I am taking a class that covers "set theory". Please see URLs below for the problem and my answer.

Problem:
http://img33.imageshack.us/img33/2795/problemx.jpg

My Answer:
http://img30.imageshack.us/img30/3598/answerx.jpg


I have no trouble following the function "R" (first function). For this one (I think) the answer is "yes" for all... reflexive, symmetry, and transitive.

On the 2nd function (S), I am not totally sure about the "transitive" relation though.

Based on the 2nd diagram, all relations are drawn: S = {(2, 3), (1, 2), (2, 1), (3, 1), (1, 3)}

What I don't understand is the following:

1. While (3, 1) is given, should it or should it NOT be drawn? Why? (3,2) doesn't exist, so logically (3,1) shouldn't exist, right?

2. Based on the previous statement, I could argue though that it does not matter whether (3,2) exist. I still should be able to go from C to A.

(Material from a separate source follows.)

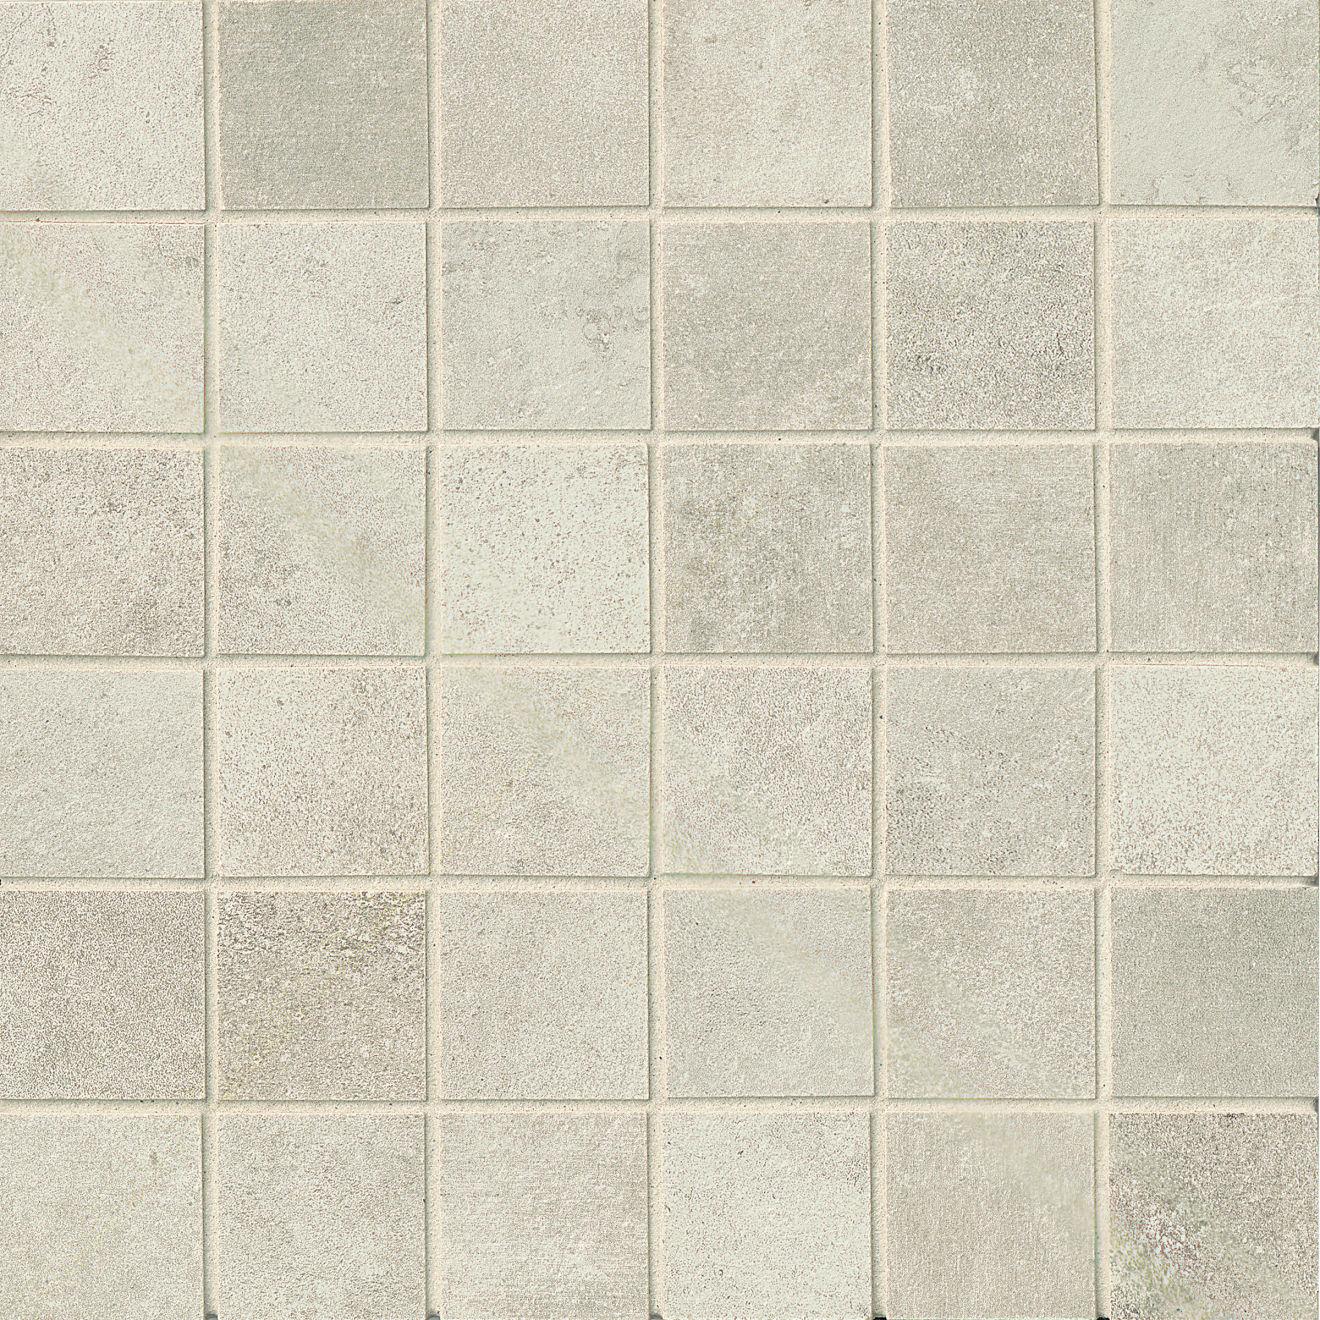 "Officine 2"" x 2"" Floor & Wall Mosaic in Acid (OF 01)"

Again, given that (3,2) does not exist, I'm not sure if the provided (transitive) relationships (1,3) and (3,1) should be included or excluded.

Finally, assuming that I should leave (1,3) in the graph, is this "one-way" relationship TRANSITIVE OR NOT?

Thanks,
odumath

 

[daon]

I've never seen these diagrams, but if 3~1 then yeah, draw it. I'm not sure why you think (3,1) shouldn't exist (they gave you a specific relation in which is DOES). This is an example of a non-symmetric and non-transitive relation.

\(\displaystyle (3\sim 1) \,\, and \,\, (1\sim 2) \,\, but \,\, 3 \not \sim 2\)

 

[odumath]

daon,

could you pls expand as to why it's NOT transitive?

Thanks,
odumath

 

[daon]

I believe I showed exactly why it isn't. Transitivity means the following must be true: if aRb and bRc then aRc I picked a=3, b=1, c=2. I don't think it could be made any clearer...

 

[odumath]

Thanks, Daon.

I appreciate your help.

odumath